News and insights

What incentives reveal about competitiveness in Brazil's compact SUV market

Written by Rafael Sellinas | 15 July 2026

As competition intensifies in Brazil's compact SUV market, OEMs are relying increasingly on incentives to drive competitiveness. While MSRP remains an important benchmark, discounts, trade in bonuses and subsidised financing often have a greater influence on the final transaction price offered to customers.

Using JATO's incentive analysis, we explore how these strategies are being used across the market and what they reveal about OEM pricing and competitive positioning.

 

Analysing MSRP

Considering that public prices serve as a benchmark, in an increasingly competitive landscape, incentive analysis becomes essential for OEM’s pricing strategies. As illustrated in the chart below, the versions analysed present different MSRP levels. However, as we will see, the application of discounts can completely reshape the scenario.

For this analysis, we selected mid-range trims within the compact SUV segment, one of the most competitive and highest-volume segments currently representing 27% of the passenger car and light commercial vehicle market in 2026, and 60% within the SUV universe.

Discounts on MSRP

It is evident that OEMs adopt different strategies.
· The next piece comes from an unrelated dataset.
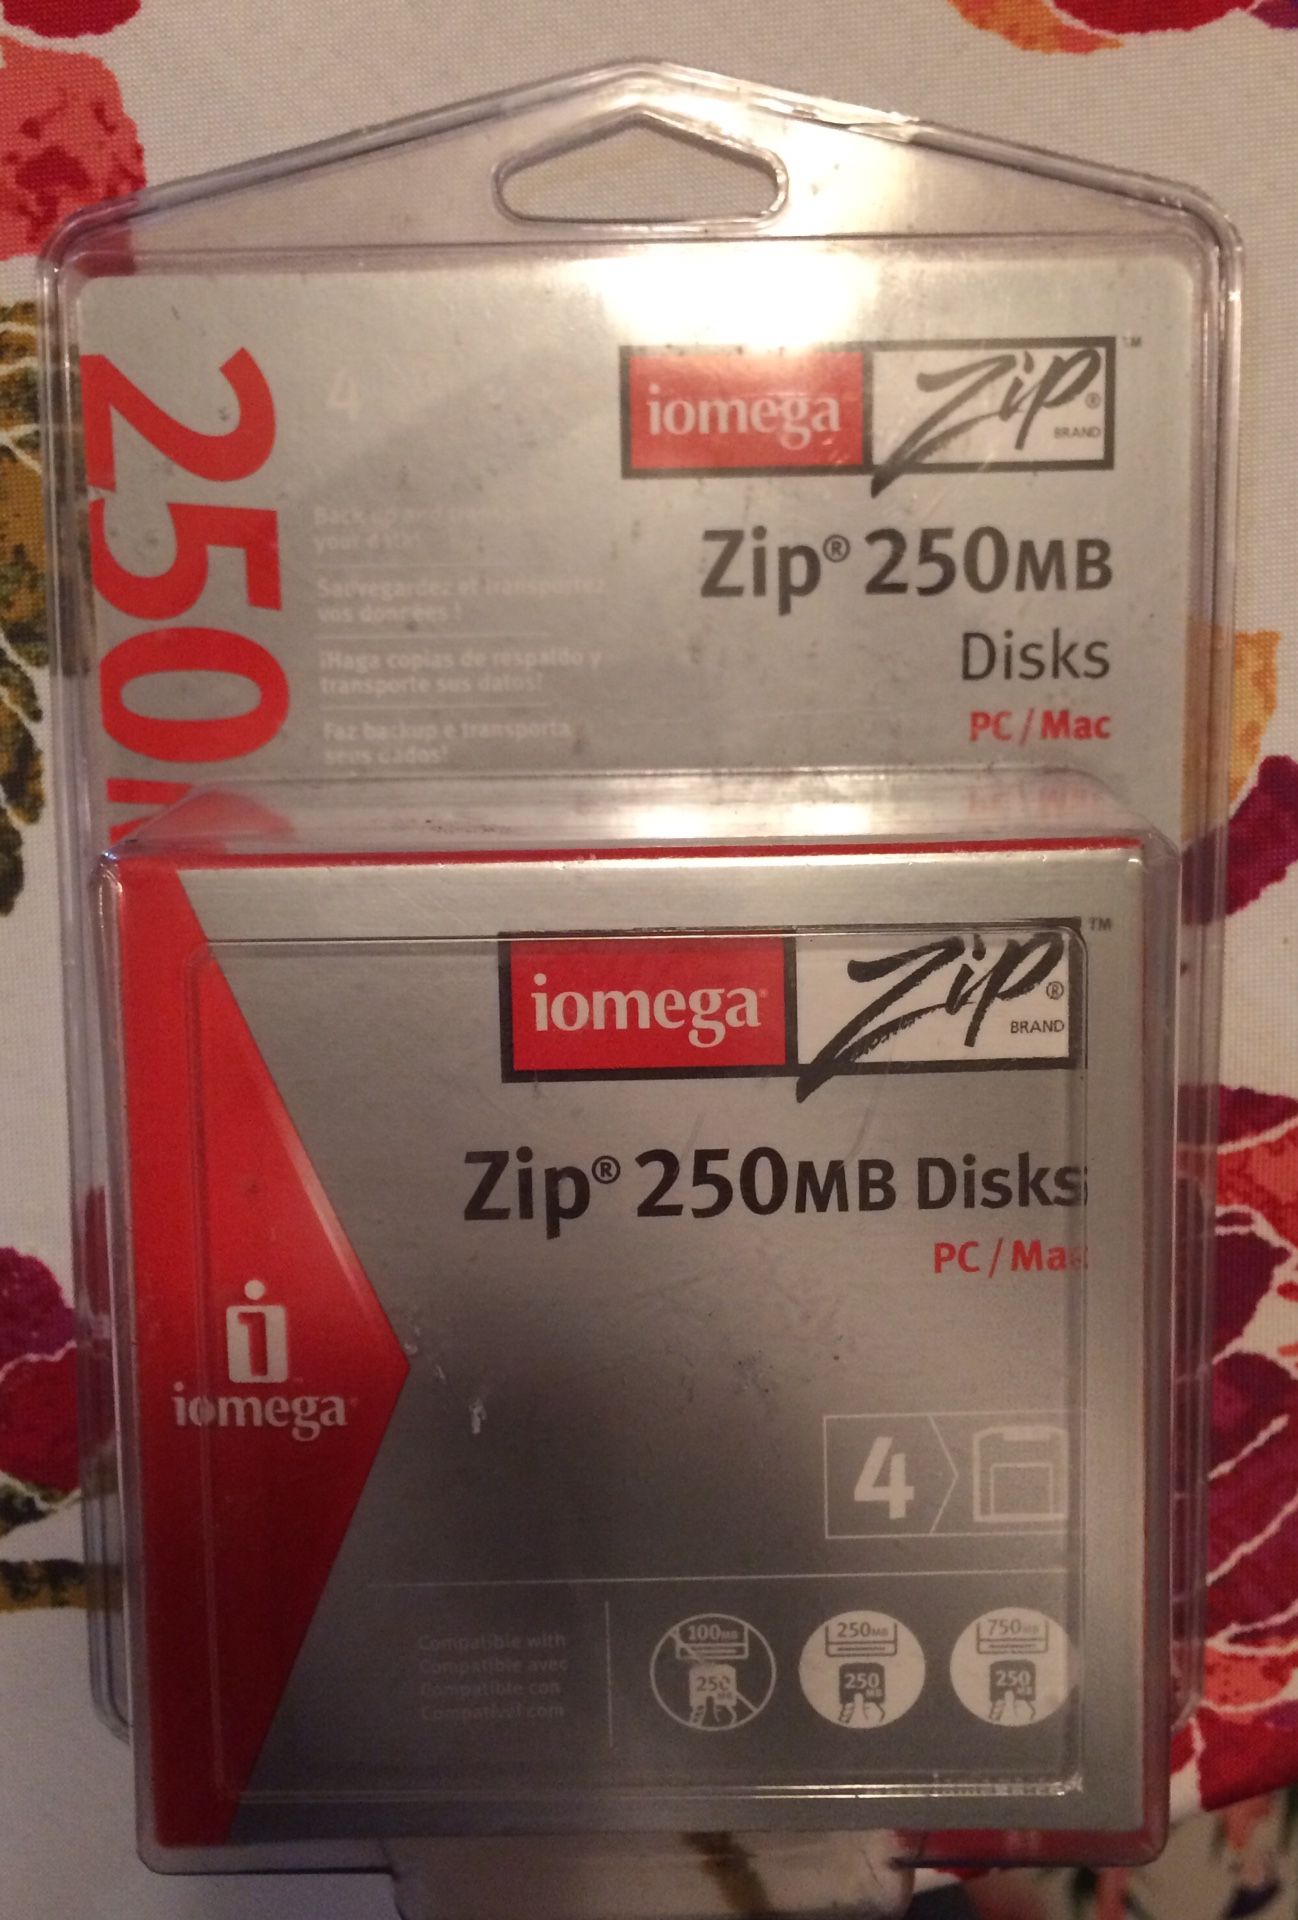 IOMEGA Zip Disks 250MB PC/MAC Pack Of 4

Some offer significant discounts, while others maintain highly competitive MSRPs with little to no discounting.

In this context, the Volkswagen T-Cross Comfortline and Hyundai Creta Limited - both positioned above the segment’s average MSRP (approximately BRL 163k in the analysed scenario) - become closely aligned with this average once discounts are applied, reaching BRL 165,990 and BRL 164,690, respectively.

Not surprisingly, some OEMs choose to position their MSRPs closer to this average benchmark, as seen with the Jeep Renegade Longitude, Chevrolet Tracker LTZ, and GAC GS3 Elite. This dynamic reinforces a broader trend across the Brazilian market, where OEMs increasingly treat MSRP as a starting point for negotiation rather than a fixed reference, using discounting flexibility as a strategic lever rather than a last resort.

 

Trade-in bonuses in sales strategy

Beyond MSRP discounts, we observed an increase in trade-in bonus offerings in June compared to May, which pressured the average potential transaction price downward from BRL 155,690 to BRL 152,790.

The movement can be attributed to the heightened competitiveness in the Brazilian market, particularly within the compact SUV segment. On one hand, new entrants such as GAC need to attract customers from competing brands; on the other, established players must retain their existing customer base.

As a result, there is a noticeable convergence in potential transaction prices, particularly for the Hyundai Creta Limited and Volkswagen T-Cross Comfortline, as well as for the CAOA Chery Tiggo 5X Pro, which benefits from a highly competitive MSRP. This convergence signals a segment where brand loyalty alone is no longer sufficient to defend market share, and where incentive strategy is becoming as important as product positioning.

 

Financing as a key determining factor

In 2026 (year-to-date through May), 42% of new light vehicles were purchased through financing. This makes OEM financing policies a key differentiator, or even a decisive factor, in closing a sale.

Through our JATO Value metric, which calculates financing conditions (amount financed, interest rate, and term) offered by OEMs against the country’s benchmark interest rate, it is possible to assess the benefit delivered to the customer.

In other words, JATO Value provides an estimated benefit view of the incentives offered, supporting competitiveness analysis.

As illustrated in the chart below, this strategy can significantly alter the pricing landscape.

 

In the scenario analysed, where subsidised financing conditions are combined with other incentives, we can clearly see how consumer perception of the final price changes for buyers opting for financing.

Considering discounts alone (prior to financing), the Chery Tiggo 5X Pro presents the lowest potential transaction price among the vehicles analysed. However, due to the absence of subsidised financing rates, other models become more competitive if considering a non-cash client scenario.

We also observed how the Jeep Renegade Longitude and Volkswagen T-Cross Comfortline – despite different strategic approaches – achieve very similar potential transaction prices and JATO Value levels, highlighting how closely OEMs monitor the market and compete intensively for the same customer.

Additionally, with the inclusion of trade-in incentives in June and the highest JATO Value among the analysed versions, the Hyundai Creta Limited emerges as a strong contender with high conversion potential. It also emphasises a wider shift in the market, where the OEMs best placed to convert demand are those treating financing as a core part of their pricing strategy.

 

Final considerations

Competitiveness is increasingly defined by a more refined understanding of incentives and, consequently, of the potential transaction prices in the market.

Incentives have become a key “price correction” tool and a lever for competitiveness. Some OEMs adopt a more direct and independent strategy by offering straightforward price discounts, while others incorporate the customer into the equation through conditional incentives - such as trade-in bonus and more aggressive subsidised financing rates - to enhance competitiveness.

 

Note: This analysis considers only OEM strategies from a pricing perspective and does not account for consumer preference.